Stuff and Things

I am still plugging along on Hunter’s Hell but I’m not counting on winning NaNoWriMo this year. The ideas are there and solid but the fingers are not quite cooperating the way I’d like. I’m about 10,000 words behind I think, give or take, but I haven’t started today’s words yet either. Even if I don’t manage to win, I’ll have a complete draft well before Christmas and that’s really what matters.

I went to my rheumy last week. I’m not entirely sure I like him yet – I’m definitely not really comfortable yet but I don’t really expect to be this early yet either. Fortunately, we are starting the process to drop the prednisone so hopefully, that means I’ll go back to having next to no panic attacks or crying jags in the middle of Kroger. He also upped the other med – but mostly it just makes me sleepy and a little forgetful and that’s not terrible. I’m having some increased pain in my hands but I expected that also so I’m not terribly worried about that either. It is what it is. I’d like to be closer to normal but I can’t make things happen any faster so there’s no point in being defeatist about it.

Next week is Thanksgiving here in the states.
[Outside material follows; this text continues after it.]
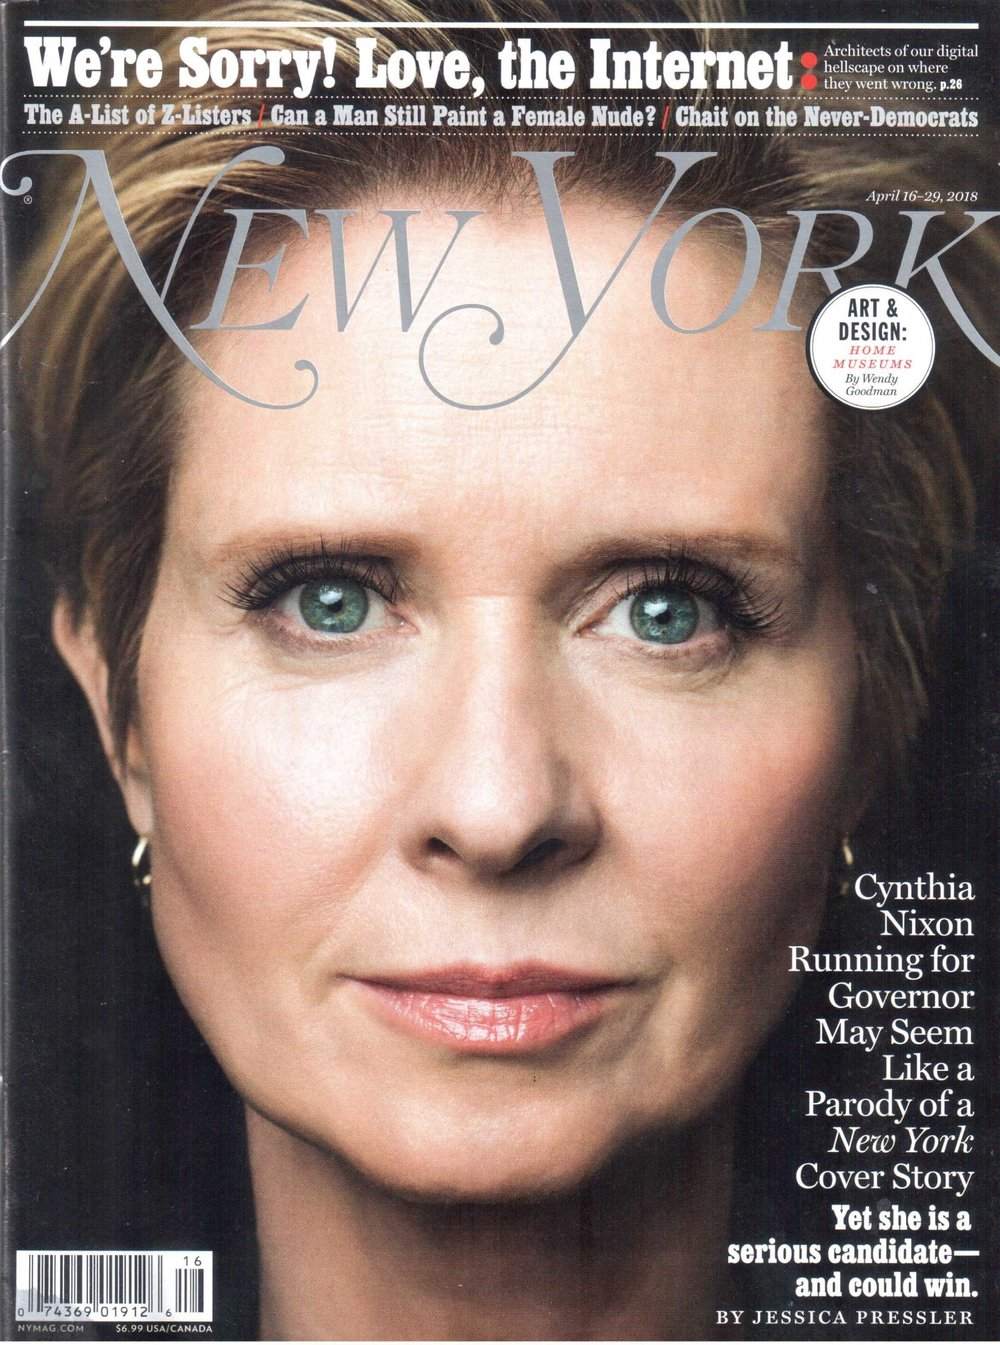 New York Magazine - Doug Meyer 2018_Page_1.jpg

I am not looking forward to it this year. This will be the first year without my Dad and if I think of my mom most around Christmas and Halloween, I think of my dad around Thanksgiving and New Years. I’m not saying I”m going to start eating sauerkraut because ew, but I’ll be thinking about him and all his superstitions anyway on the first of the year. On Thanksgiving, I’ll be missing his sweet potato flambe for sure. It was my favorite from the time I was ten. I’m really glad my husband doesn’t really get it – really glad – but there’s a part of me that just wants to be miserable and maudlin and be left alone. That’s not how it’s going to work but that’s what I want to do.

I’m finding NaNoWriMo is a bit difficult this year without my cheering section calling to see how many words I’ve gotten. I don’t think I realized how much I appreciated having someone who was invested in my successes and failures and progresses.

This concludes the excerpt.